#BTColumn – Let the blame games begin

“The Bank of England’s (BOE) decision Wednesday to buy British bonds is being portrayed as a rebuke to new Prime Minister Liz Truss’ economic programme.

Disclaimer: The views and opinions expressed by the author(s) do not represent the official position of Barbados TODAY.

By Adrian Sobers

“The man said, ‘The woman whom you gave to be with me, she gave me fruit from the tree, and I ate.’ Then the LORD God said to the woman, ‘What is this that you have done?’ The woman said, ‘The serpent tricked me, and I ate.’” – (Genesis 3: 12–13, NRSV)

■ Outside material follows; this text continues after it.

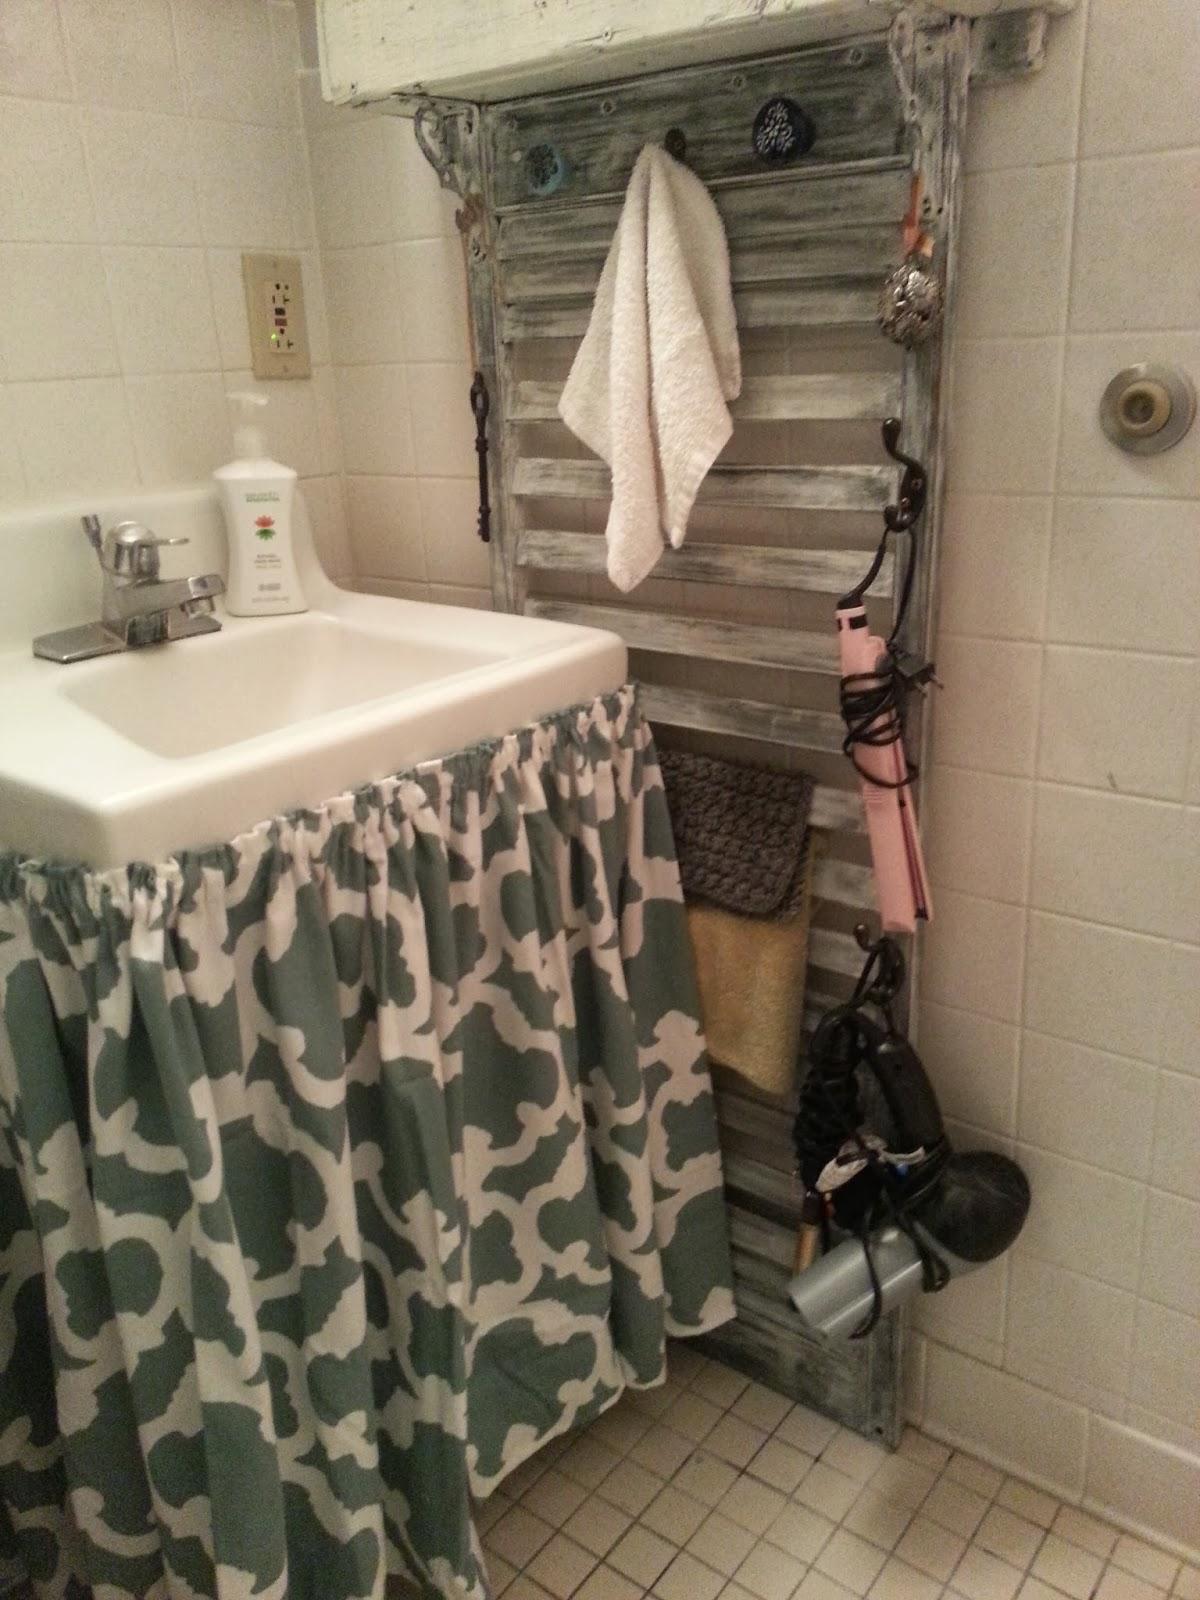 MY BATHROOM SINK CURTAIN

In The First Central Bank Casualty, the Editorial Board of the Wall Street Journal opens, “The Bank of England’s (BOE) decision Wednesday to buy British bonds is being portrayed as a rebuke to new Prime Minister Liz Truss’ economic programme, and BOE Governor Andrew Bailey may have meant it to be. The intervention calmed bond and equity markets, at least for now, though at the cost of showing again that central bankers are easily spooked into rescue mode.”

Well before a ball was kicked in Qatar, the 2022 edition of The Blame Games got underway as Ms. Truss’s economic program was used by the BOE Governor in the same
manner as the pandemic, Putin, and pesky petrol producers; namely, a convenient scapegoat to shoulder the blame as the fallout continues from the biggest failed monetary policy experiment in human history. (These folks have all gall and no shame.)

The Editorial Board continues, “The BOE’s Monetary Policy Committee wants to tighten policy to break inflation. At its last meeting it said it would be selling down its quantitative-easing bond portfolio. But the BOE’s Financial Policy Committee is now buying bonds to ease financial conditions. This can’t help the BOE’s credibility as it navigates the fraught path away from the historic monetary mistakes that have produced our current inflation.”

Etch the previous sentence in your mind, bind it continually upon thine heart and tie it about thy neck (Proverbs 6:21).

A commenter on a related piece, The Bank of England’s Blame Game, correctly pointed out that: “[what] the BOE is doing is a smaller and targeted version of QE for the pension funds. But central banks need to remember monetary policy is a blunt instrument and cannot be deployed in such a targeted way and there are consequences to deploying them.”

As hard as it is to fathom, we still have not felt the full brunt of the consequences of this historic failed monetary policy experiment. The average consumer should never, ever, ever, never lose sight of the fact that if we go the blame route, it lies squarely at the feet of our monetary masters, their muddleheaded macro models, and their political bosses/accomplices who have and continue to gorge on debt.

Federal Reserve Chairman Jerome Powell said, “Price stability is the responsibility of the Federal Reserve.” You can’t make this stuff up folks. Like I said, all gall and no shame. Translation: monetary masters will never be held accountable for the greatest failed monetary policy experiment in human history that diminished the purchasing power of your dollar.

One does not need to be an economist to understand that monetary masters bent the yield curve out of shape and forced investors (especially pension funds), as an explicit objective lest we forget, onto the riskiest part of said curve. The least our monetary masters could do is stop misleading the public about rosy recovery predictions for 2023. However, alas and alack, not even that they are willing to do.

You can bet the rent the Blame Games will continue well into 2023, long after the 2022 World Cup Champion, hopefully France, has been crowned.